Yes, all this stuff is unfortunately hard to reason about since there's
several environment changes during boot which have a material effect and
also multiple different things that might trigger KPTI. IIRC my thinking
here was that if we turned on KPTI we're turning it on for all CPUs so
by the time we could be prempted we'd be returning true from the earlier
check for arm64_kernel_unmapped_at_el0() but it's possible I missed some
case there. I was trying to avoid disturbing the existing code too much
unless I had a strong reason to on the basis that I might be missing
something about the way it was done.
> Could we move the above hunk in this block:
> } else if (!static_branch_likely(&arm64_const_caps_ready)) {
> ...
> }
> and reshuffle the rest of the function to only rely on
> arm64_kernel_unmapped_at_el0() when the caps are ready (at run-time)?
I've added the check, will look at the reshuffle.
> > Thinking about this further, I think we can simply move all of the
> > 'kaslr_offset() > 0' checks used by the kpti code (i.e. in
> > arm64_kernel_unmapped_at_el0(), kpti_install_ng_mappings() and
> > unmap_kernel_at_el0()) into a helper function which does the check for
> > E0PD as well. Perhaps 'kaslr_requires_kpti()' ?
> I agree, this needs some refactoring as we have this decision in three
> separate places.
> Trying to put my thoughts together.

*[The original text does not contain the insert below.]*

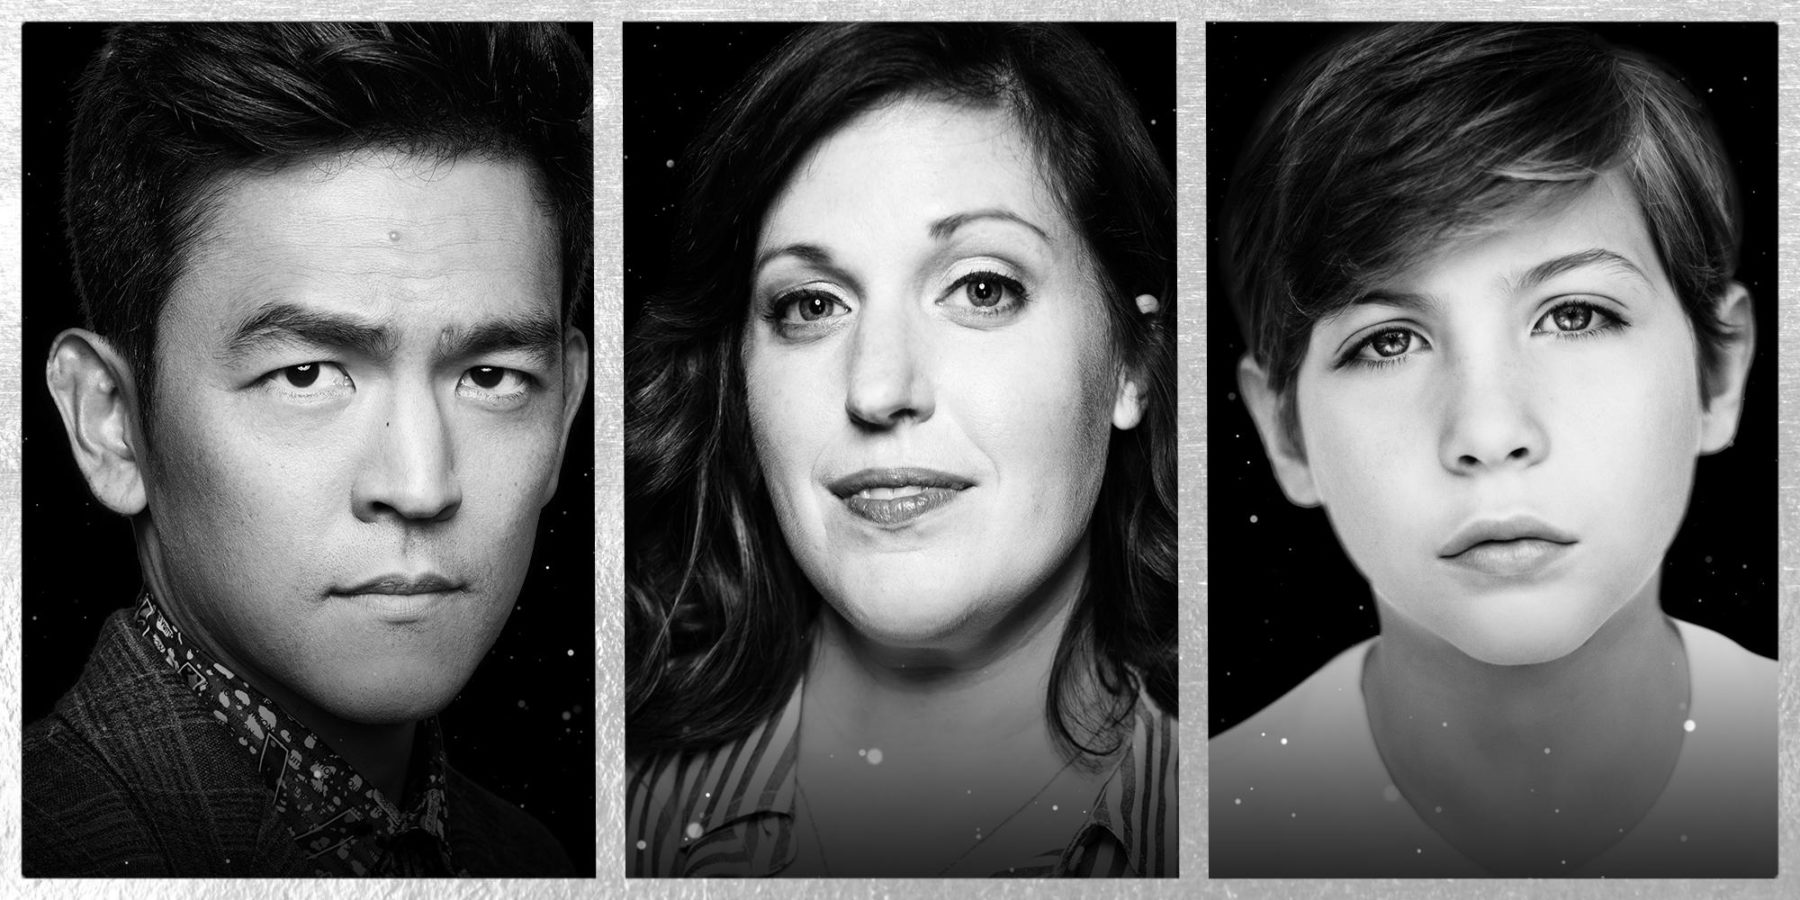 Twilight Zone de Jordan Peele ficha a John Cho, Allison Tolman y Jacob Tremblay para protagonizar episodio

At run-time, with capabilities fully
> enabled, we want:
> arm64_kernel_use_ng_mappings() == arm64_kernel_unmapped_at_el0()
> KPTI is equivalent to arm64_kernel_unmapped_at_el0()
Yes, this bit is simple - once we're up and running everything is clear.
> I think kaslr_requires_kpti() should access the raw CPUID registers (for
> E0PD, TX1 bug) and be called only by unmap_kernel_at_el0() and
> arm64_kernel_use_ng_mappings(), the latter if !arm64_const_caps_ready.
> The boot CPU should store kaslr_requires_kpti() value somewhere and
> kpti_install_ng_mappings() should check this variable before deciding to
> skip the page table rewrite.
We definitely need some variable I think, and I think you're right that
making the decision on the boot CPU would simplify things a lot. The
systems with very large memories that are most affected by the cost of
moving from global to non-global mappings are most likely symmetric
anyway so only looking at the boot CPU should be fine for that.
[-- Attachment #1.2: signature.asc --]
[-- Type: application/pgp-signature, Size: 488 bytes --]
[-- Attachment #2: Type: text/plain, Size: 176 bytes --]
_______________________________________________
linux-arm-kernel mailing list
linux-arm-kernel@lists•infradead.org
http://lists.infradead.org/mailman/listinfo/linux-arm-kernel
next prev parent reply other threads:[~2019-08-16 12:10 UTC|newest]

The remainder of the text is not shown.